I am running SIFT, specifically, I was asking SIFT to determine mutation prediction from a GI number, using a command like:

csh SIFT_for_submitting_NCBI_gi_id.csh 289666793 - BEST

I notice that in the SIFTprediction result file, I often get warning messages like these:

289666793       WARNING! S211 not allowed! score: 0.04 median: 1.97 # of sequence: 80
289666793       WARNING! S218 not allowed! score: 0.04 median: 1.96 # of sequence: 83
289666793       WARNING! Y231 not allowed! score: 0.04 median: 1.97 # of sequence: 84
289666793       WARNING! I244 not allowed! score: 0.05 median: 1.96 # of sequence: 87
289666793       WARNING! V246 not allowed! score: 0.05 median: 1.96 # of sequence: 87

I read that if the media score is above 3.25, then the prediction would have low confidence, but these warnings have scores below such threshold, so I am quite puzzled by what it means. I have tried to search for answer but haven't been able to come up with anything. Maybe I can get some expert help from here!

Much thanks in advance,

-Tin

tag2 tag1 • 3.1k views
ADD COMMENT
1
Entering edit mode

Hi Tin, I just recently installed SIFT and noticed the same type of warning messages while testing with a few mutations. I emailed the SIFT group previously with an unrelated question, and received a quick response.

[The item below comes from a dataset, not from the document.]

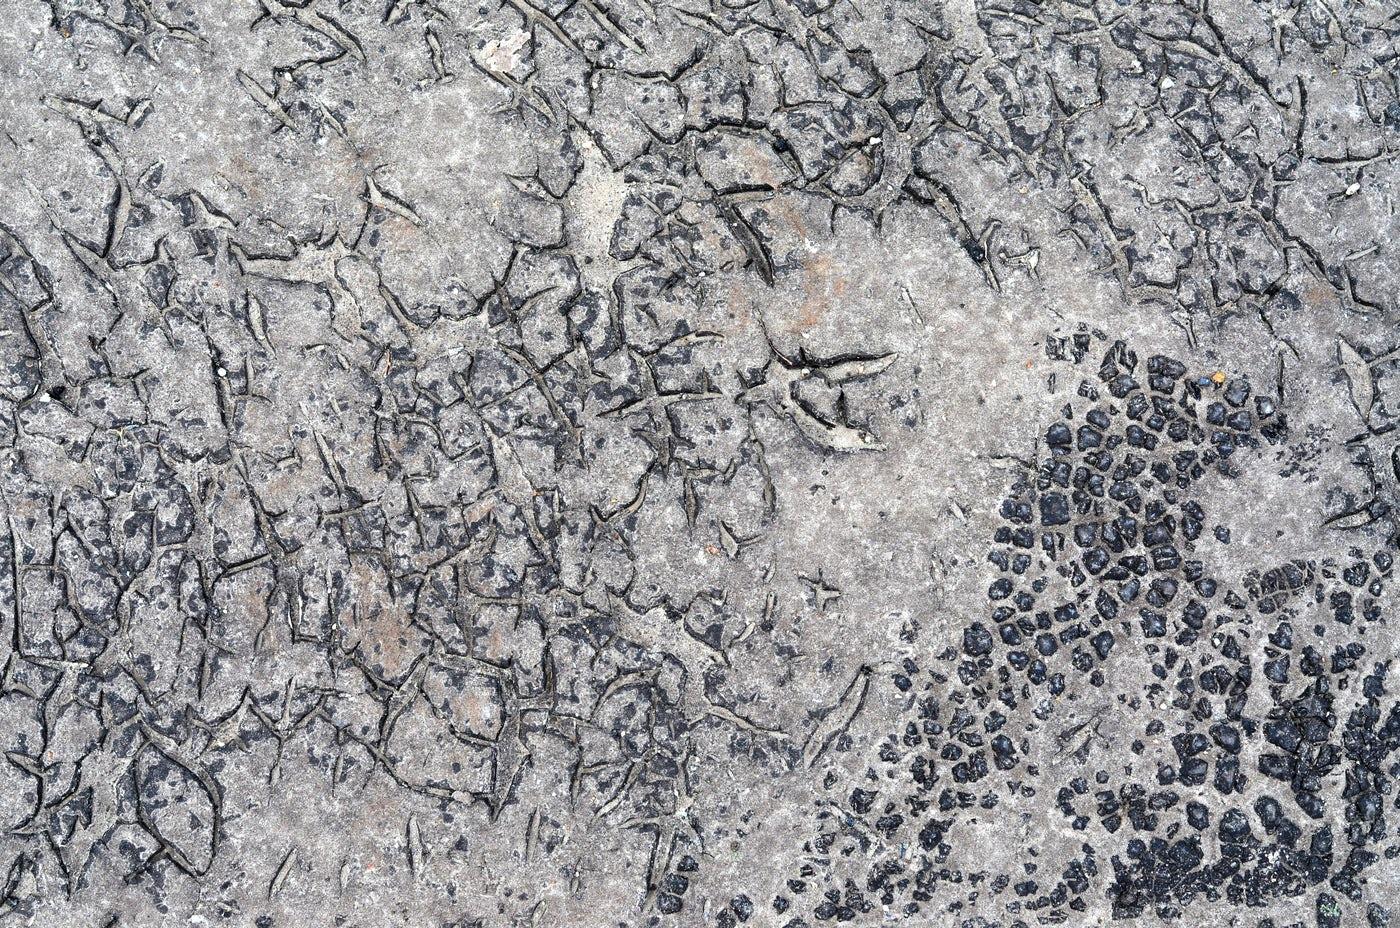 Cracks In Asphalt: Stock Photos
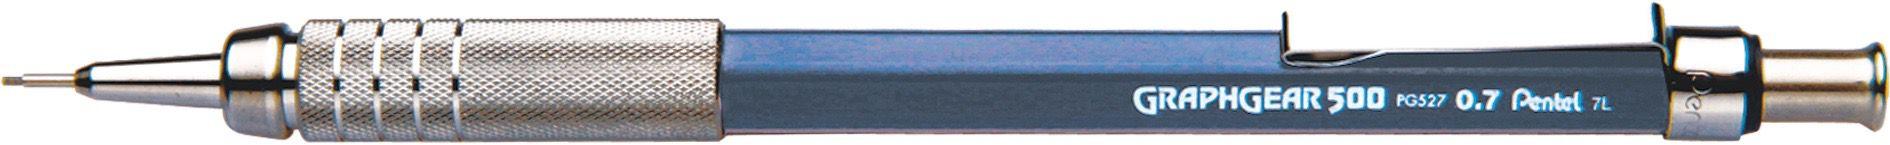 Lapiseira 0.7mm Pentel Graphgear - Azul

I would suggest trying the same - see the "Contact us" link on their website to submit your question.

ADD REPLY
2
Entering edit mode
13.2 years ago
Pauline Ng ▴ 20

Dear Tin,

This is Pauline Ng here, the creator of SIFT. There are many possible inputs for SIFT. One of them is submitting the sequence, where SIFT executes a search for homologous sequences, and then computes predictions. For this program call, (SIFT_for_submitting_fasta_seq.csh), we endeavour to try to get sequences that have a diversity of around 3.25.

However, because this takes a very long time (> 10 minutes), the other option is submitting a NCBI gi id (which you are doing). In this case we go to the NCBI website and ask NCBI for the pre-computed BLAST search (BLink), and then use this as the basis for homologous sequences. In this process, there is no selection of diversity of sequences for 3.25 We assume that NCBI is correct and don't try to select specific sequences because the "BEST" option for NCBI are supposed orthologues, which should theoretically give the best possible prediction.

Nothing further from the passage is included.